══ The data ══

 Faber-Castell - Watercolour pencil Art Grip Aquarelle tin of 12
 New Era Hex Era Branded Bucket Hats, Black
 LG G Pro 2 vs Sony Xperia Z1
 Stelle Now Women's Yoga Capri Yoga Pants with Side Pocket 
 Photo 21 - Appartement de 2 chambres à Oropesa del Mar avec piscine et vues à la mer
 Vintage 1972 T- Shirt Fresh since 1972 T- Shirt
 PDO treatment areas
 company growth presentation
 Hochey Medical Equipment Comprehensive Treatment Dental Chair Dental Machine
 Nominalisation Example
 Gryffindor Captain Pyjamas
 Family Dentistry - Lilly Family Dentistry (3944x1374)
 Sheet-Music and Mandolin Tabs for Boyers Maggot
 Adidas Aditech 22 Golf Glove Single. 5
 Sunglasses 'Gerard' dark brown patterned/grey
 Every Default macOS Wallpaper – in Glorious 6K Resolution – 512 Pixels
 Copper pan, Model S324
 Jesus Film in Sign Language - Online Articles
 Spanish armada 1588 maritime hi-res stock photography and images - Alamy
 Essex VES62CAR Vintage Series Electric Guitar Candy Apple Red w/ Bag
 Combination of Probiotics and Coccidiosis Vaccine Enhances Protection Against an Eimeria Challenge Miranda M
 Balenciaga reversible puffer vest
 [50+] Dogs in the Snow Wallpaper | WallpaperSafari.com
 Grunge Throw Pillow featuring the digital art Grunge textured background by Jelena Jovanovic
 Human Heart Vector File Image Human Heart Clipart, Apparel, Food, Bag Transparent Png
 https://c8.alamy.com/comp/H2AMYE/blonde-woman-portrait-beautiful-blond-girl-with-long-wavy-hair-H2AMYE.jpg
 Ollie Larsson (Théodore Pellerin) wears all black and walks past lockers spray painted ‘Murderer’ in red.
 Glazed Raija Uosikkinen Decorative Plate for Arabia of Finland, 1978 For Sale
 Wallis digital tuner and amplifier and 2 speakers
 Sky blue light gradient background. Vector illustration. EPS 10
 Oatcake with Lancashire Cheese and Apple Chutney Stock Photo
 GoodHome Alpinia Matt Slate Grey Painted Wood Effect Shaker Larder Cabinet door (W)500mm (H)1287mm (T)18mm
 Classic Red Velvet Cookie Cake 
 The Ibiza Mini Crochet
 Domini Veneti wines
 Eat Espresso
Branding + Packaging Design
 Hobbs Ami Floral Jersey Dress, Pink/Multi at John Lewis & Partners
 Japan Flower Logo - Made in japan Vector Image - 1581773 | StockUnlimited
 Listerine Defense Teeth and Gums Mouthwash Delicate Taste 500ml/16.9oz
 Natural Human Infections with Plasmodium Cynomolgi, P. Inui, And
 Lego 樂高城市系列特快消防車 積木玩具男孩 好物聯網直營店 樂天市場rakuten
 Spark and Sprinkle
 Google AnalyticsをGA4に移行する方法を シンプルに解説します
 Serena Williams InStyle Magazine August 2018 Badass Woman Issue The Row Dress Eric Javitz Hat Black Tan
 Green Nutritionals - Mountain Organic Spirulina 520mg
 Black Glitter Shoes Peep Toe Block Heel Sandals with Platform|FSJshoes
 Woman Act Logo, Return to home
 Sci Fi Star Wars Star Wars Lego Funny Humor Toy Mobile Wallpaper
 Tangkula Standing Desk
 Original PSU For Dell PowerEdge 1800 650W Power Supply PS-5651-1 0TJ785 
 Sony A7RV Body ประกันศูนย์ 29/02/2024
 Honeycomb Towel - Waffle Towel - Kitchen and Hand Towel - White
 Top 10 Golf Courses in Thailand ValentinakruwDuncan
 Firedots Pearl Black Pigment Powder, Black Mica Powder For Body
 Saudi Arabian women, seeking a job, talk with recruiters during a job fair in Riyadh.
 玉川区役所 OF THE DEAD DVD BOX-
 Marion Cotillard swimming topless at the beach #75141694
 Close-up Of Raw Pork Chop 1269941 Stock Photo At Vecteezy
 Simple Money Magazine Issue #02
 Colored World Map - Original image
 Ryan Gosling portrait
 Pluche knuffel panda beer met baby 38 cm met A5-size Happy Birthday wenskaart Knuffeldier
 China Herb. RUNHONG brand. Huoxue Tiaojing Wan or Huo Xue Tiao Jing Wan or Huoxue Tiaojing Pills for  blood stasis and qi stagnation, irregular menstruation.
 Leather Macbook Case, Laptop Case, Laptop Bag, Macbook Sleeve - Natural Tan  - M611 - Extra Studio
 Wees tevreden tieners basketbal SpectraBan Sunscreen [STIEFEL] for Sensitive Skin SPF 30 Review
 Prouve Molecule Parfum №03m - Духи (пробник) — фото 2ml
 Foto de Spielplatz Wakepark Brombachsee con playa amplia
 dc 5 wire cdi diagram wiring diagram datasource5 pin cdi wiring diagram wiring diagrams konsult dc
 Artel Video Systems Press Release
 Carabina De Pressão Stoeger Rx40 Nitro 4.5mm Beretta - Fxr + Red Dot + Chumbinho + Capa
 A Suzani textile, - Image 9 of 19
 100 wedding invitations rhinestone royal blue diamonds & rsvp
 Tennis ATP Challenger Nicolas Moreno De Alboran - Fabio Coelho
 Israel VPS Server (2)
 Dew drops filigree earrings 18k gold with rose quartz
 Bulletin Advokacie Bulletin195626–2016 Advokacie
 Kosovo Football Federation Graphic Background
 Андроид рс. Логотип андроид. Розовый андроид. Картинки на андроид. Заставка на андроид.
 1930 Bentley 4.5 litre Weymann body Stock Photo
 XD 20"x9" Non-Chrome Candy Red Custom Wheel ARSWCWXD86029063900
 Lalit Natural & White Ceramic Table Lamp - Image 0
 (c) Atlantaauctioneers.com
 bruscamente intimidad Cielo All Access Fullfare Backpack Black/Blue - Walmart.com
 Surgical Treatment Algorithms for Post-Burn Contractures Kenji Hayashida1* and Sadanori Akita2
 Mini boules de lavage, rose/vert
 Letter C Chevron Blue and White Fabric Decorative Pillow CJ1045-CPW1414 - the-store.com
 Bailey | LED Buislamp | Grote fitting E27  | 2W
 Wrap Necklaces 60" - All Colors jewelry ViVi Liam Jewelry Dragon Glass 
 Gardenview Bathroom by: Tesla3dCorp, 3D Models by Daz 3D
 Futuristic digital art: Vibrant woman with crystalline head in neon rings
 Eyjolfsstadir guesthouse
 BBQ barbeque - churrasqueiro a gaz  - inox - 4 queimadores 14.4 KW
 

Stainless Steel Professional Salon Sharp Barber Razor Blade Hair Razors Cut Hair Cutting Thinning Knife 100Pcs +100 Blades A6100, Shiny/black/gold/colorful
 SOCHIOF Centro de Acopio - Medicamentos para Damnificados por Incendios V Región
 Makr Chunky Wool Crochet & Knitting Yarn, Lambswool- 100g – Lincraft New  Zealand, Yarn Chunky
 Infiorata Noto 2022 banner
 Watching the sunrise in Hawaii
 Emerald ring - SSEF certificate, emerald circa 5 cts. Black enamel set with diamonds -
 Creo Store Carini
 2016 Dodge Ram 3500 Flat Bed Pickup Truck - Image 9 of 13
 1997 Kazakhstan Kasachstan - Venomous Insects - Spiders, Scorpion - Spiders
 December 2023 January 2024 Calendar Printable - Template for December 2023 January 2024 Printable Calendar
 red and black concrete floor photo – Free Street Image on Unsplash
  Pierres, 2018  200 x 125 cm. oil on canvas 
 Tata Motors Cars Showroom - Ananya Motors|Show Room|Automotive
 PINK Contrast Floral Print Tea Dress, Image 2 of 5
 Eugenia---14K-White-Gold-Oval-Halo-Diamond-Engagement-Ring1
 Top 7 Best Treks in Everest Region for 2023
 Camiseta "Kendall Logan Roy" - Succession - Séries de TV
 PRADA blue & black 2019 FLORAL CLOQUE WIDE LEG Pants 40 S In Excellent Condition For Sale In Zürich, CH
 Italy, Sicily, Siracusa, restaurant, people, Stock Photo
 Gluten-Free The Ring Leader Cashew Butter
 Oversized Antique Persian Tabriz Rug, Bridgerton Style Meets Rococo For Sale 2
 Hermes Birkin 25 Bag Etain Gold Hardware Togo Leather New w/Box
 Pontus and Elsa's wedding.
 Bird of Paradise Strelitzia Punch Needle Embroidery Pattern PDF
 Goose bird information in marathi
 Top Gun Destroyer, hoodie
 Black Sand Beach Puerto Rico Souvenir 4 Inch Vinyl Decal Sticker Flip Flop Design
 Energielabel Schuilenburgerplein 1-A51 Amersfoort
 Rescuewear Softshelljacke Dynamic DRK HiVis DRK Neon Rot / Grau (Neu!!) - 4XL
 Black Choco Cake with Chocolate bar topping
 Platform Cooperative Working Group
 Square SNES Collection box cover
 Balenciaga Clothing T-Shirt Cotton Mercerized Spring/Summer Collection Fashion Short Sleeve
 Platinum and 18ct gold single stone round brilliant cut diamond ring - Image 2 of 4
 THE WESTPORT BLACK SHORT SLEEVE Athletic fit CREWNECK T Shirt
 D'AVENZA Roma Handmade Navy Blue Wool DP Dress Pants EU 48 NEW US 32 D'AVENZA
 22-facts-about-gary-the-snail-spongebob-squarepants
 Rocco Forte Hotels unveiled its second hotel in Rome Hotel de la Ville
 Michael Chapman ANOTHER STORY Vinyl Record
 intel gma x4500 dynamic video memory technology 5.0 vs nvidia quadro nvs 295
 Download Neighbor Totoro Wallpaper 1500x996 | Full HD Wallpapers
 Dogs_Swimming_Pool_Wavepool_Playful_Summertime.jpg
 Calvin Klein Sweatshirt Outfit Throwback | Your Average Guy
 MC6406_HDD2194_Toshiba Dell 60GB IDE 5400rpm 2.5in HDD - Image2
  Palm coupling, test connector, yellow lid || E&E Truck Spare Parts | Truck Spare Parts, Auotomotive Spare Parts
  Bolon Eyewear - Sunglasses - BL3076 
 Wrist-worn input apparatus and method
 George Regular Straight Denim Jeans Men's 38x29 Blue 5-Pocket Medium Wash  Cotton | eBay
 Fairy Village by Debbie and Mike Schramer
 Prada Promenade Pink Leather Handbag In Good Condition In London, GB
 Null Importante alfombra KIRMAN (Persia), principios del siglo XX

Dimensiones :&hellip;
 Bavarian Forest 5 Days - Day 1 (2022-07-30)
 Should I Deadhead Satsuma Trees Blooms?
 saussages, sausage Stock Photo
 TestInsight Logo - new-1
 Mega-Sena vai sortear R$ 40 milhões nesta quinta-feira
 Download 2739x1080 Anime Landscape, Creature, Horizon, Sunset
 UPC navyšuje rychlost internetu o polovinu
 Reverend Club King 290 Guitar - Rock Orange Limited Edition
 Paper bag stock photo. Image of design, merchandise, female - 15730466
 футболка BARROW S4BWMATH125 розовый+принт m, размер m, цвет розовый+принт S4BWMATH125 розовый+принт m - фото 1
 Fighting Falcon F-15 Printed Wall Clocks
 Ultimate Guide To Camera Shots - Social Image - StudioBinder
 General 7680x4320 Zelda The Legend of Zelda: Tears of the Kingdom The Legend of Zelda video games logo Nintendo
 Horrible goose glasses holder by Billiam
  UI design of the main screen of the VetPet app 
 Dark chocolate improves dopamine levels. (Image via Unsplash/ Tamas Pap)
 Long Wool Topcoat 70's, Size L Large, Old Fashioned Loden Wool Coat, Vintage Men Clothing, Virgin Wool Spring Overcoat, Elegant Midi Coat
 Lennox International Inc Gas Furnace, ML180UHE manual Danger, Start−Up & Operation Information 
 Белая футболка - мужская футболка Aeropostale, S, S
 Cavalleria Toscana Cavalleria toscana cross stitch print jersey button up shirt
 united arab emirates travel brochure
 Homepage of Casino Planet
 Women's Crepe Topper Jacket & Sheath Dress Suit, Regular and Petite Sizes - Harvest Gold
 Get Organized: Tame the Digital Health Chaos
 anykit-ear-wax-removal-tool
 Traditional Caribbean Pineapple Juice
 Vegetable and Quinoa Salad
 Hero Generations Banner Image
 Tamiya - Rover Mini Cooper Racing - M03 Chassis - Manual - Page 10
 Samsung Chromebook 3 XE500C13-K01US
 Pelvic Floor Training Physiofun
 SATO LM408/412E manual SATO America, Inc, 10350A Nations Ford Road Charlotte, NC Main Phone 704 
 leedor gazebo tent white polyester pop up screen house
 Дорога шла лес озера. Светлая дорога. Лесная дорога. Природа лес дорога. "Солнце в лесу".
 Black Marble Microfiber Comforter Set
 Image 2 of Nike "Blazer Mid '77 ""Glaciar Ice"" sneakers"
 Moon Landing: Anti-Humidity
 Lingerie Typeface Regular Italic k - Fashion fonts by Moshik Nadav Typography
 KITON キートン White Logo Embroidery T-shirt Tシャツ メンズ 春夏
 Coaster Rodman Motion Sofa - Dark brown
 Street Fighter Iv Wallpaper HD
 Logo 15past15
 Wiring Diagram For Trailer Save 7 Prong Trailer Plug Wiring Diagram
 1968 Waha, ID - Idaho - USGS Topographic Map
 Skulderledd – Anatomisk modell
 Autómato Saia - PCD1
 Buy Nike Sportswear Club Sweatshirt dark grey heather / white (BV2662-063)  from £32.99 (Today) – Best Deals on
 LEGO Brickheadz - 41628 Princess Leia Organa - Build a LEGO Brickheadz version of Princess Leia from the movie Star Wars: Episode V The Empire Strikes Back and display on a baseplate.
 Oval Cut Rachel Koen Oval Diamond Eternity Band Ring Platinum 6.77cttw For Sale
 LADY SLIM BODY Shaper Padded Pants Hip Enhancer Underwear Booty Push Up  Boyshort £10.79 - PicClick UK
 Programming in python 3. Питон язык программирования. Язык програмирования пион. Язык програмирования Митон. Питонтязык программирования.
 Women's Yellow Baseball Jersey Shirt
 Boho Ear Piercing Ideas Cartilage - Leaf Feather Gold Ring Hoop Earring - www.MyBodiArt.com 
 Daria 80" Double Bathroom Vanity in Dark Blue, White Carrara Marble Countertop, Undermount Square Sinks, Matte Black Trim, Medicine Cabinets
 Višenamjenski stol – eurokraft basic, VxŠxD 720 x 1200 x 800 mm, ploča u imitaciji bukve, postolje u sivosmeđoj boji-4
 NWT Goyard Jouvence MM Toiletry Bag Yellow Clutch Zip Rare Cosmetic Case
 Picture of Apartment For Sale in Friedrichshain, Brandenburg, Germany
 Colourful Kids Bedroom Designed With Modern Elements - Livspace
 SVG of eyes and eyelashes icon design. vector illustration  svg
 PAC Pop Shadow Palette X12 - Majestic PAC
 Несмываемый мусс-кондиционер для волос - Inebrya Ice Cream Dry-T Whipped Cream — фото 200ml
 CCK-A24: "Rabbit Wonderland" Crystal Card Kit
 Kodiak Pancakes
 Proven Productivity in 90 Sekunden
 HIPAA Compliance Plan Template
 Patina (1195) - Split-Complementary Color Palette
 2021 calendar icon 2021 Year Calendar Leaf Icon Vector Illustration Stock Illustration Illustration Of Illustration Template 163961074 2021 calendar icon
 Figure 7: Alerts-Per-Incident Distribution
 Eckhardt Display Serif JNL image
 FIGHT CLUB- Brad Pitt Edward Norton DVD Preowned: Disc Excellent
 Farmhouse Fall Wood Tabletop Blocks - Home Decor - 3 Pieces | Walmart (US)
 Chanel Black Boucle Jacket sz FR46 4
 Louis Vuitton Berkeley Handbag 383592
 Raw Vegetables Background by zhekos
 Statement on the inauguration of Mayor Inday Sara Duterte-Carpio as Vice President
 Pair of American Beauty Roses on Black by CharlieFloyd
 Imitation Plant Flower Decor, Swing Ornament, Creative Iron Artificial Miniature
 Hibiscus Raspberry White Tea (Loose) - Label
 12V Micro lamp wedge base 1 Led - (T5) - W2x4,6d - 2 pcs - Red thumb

═══

» What the exercise asks: Which lines above contain the word "Candy"? Show each of them.

» Expected output:
 Essex VES62CAR Vintage Series Electric Guitar Candy Apple Red w/ Bag
 XD 20"x9" Non-Chrome Candy Red Custom Wheel ARSWCWXD86029063900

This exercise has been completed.